What needs to be done:
Once the line containing "- Ruled Line" is found in the data below, output that line and every line after it through the last, unchanged and with nothing else.

Data section:
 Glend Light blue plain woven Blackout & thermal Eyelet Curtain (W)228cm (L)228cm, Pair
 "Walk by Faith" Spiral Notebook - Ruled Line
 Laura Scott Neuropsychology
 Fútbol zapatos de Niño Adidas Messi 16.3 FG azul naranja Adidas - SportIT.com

Solution to the exercise:
 "Walk by Faith" Spiral Notebook - Ruled Line
 Laura Scott Neuropsychology
 Fútbol zapatos de Niño Adidas Messi 16.3 FG azul naranja Adidas - SportIT.com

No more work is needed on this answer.